## Provided data
-*-*-

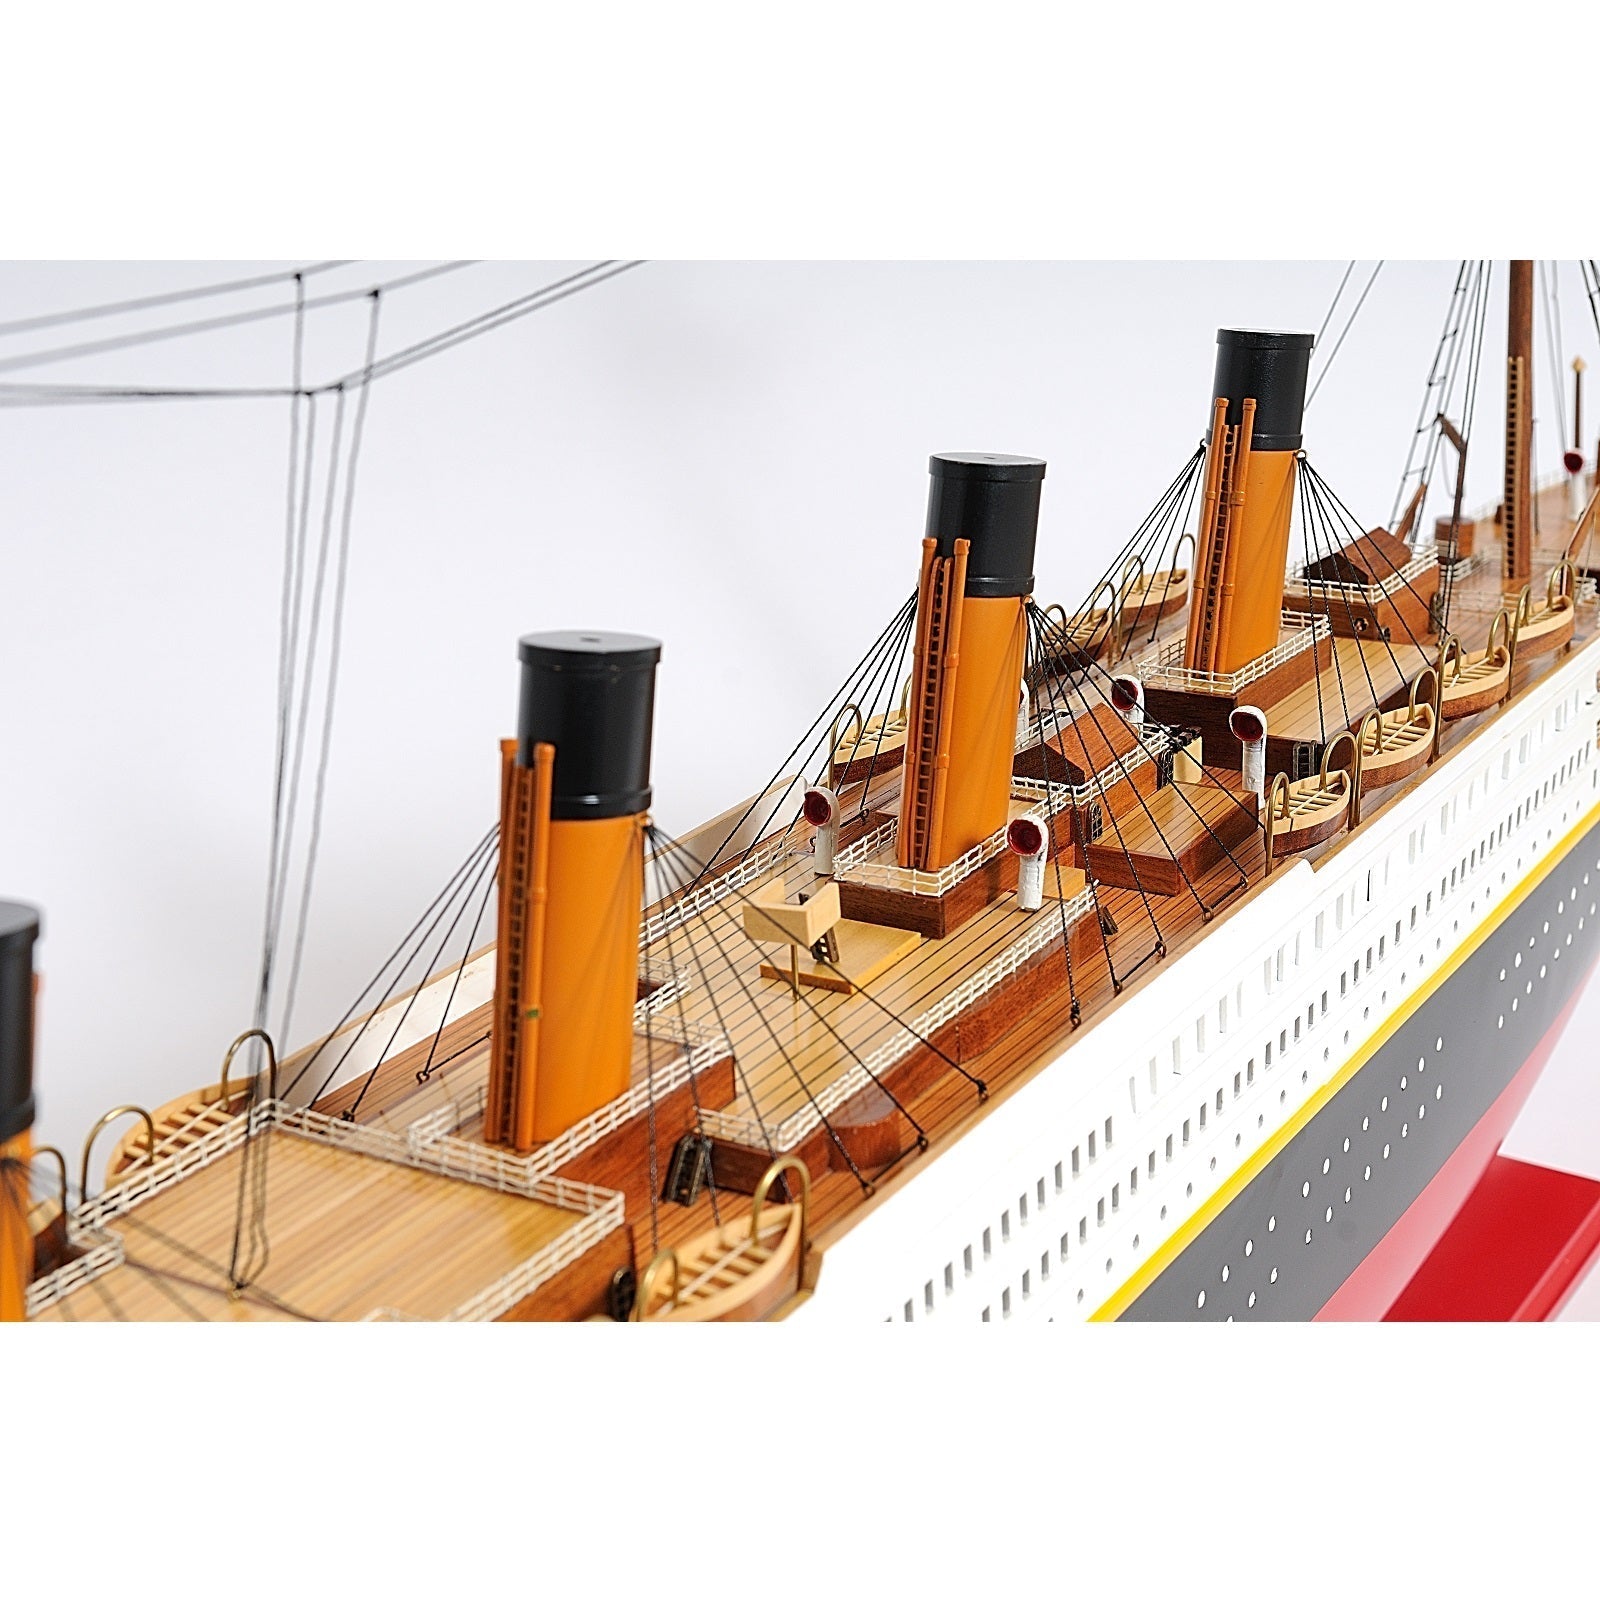 Titanic Painted XL, Fully Assembled - Micro - Mark Pre - Built
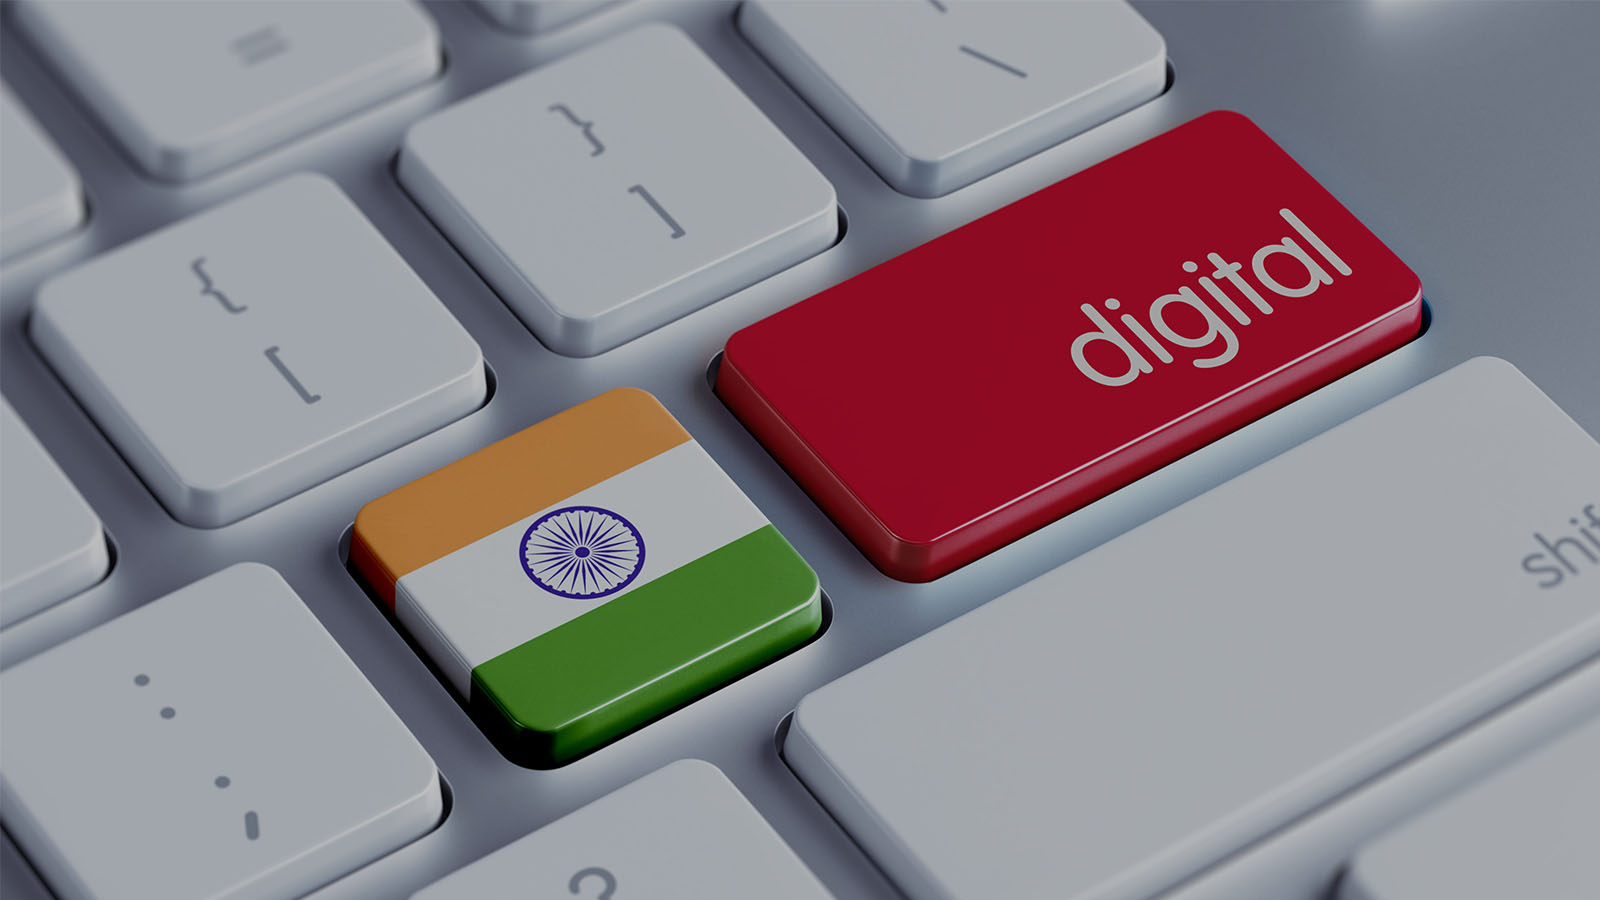 One lakh villages to go digital over next five years
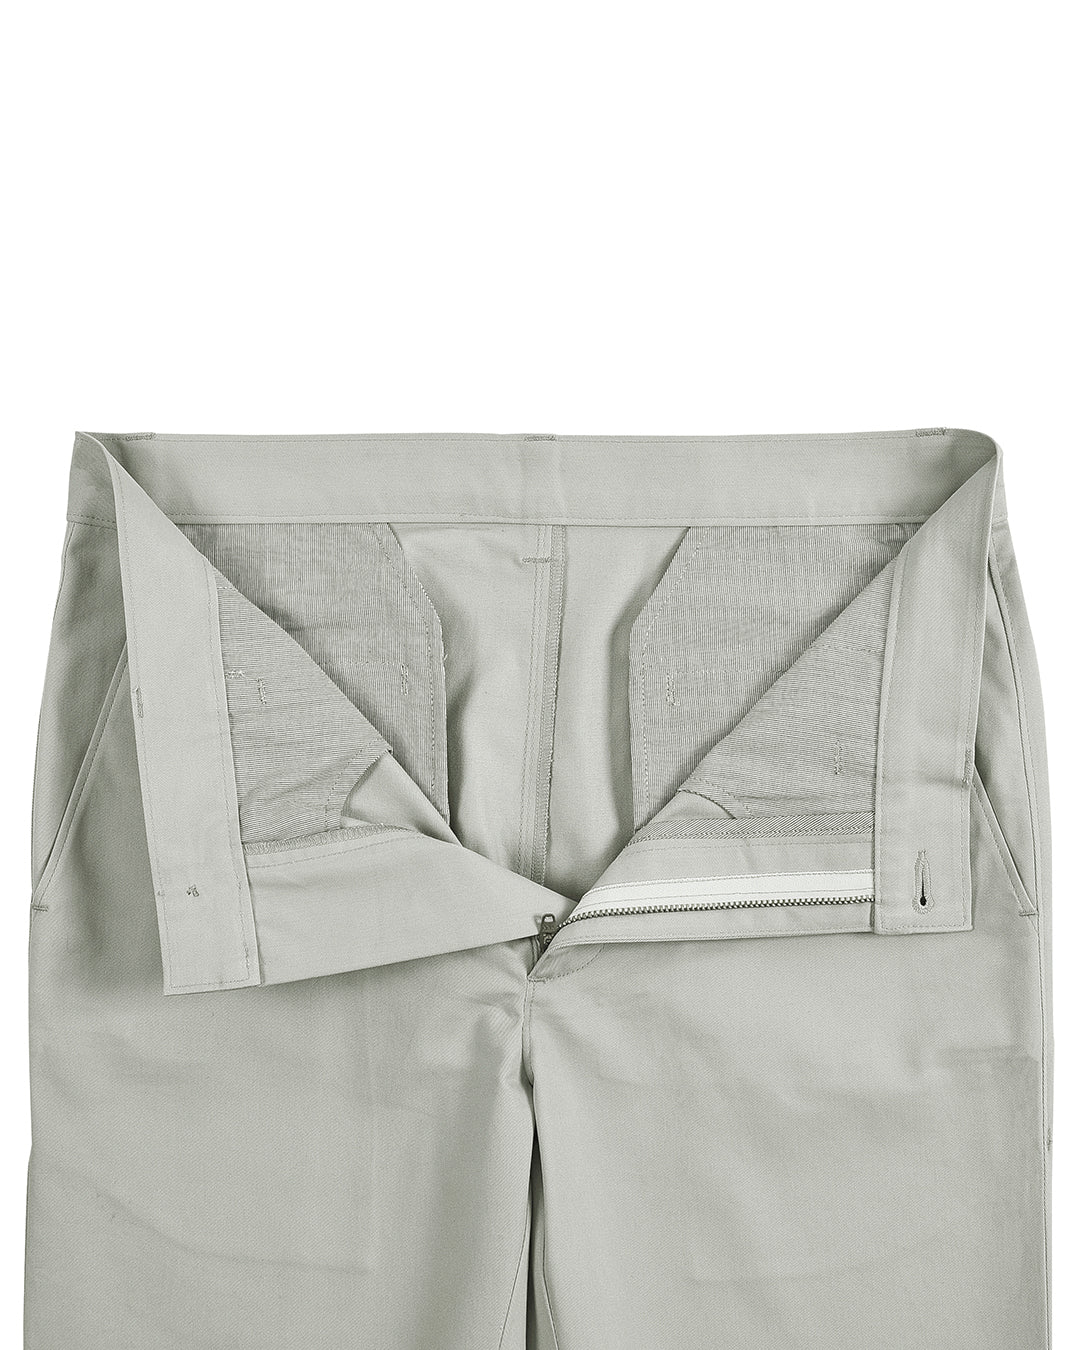 Front open view of custom Genoa Chino pants for men by Luxire in pale green

-*-*-

The copy must start at the line containing "One lakh villages" and stop at the last line of the listing, both included, with every line exact and no pictures.

 One lakh villages to go digital over next five years
 Front open view of custom Genoa Chino pants for men by Luxire in pale green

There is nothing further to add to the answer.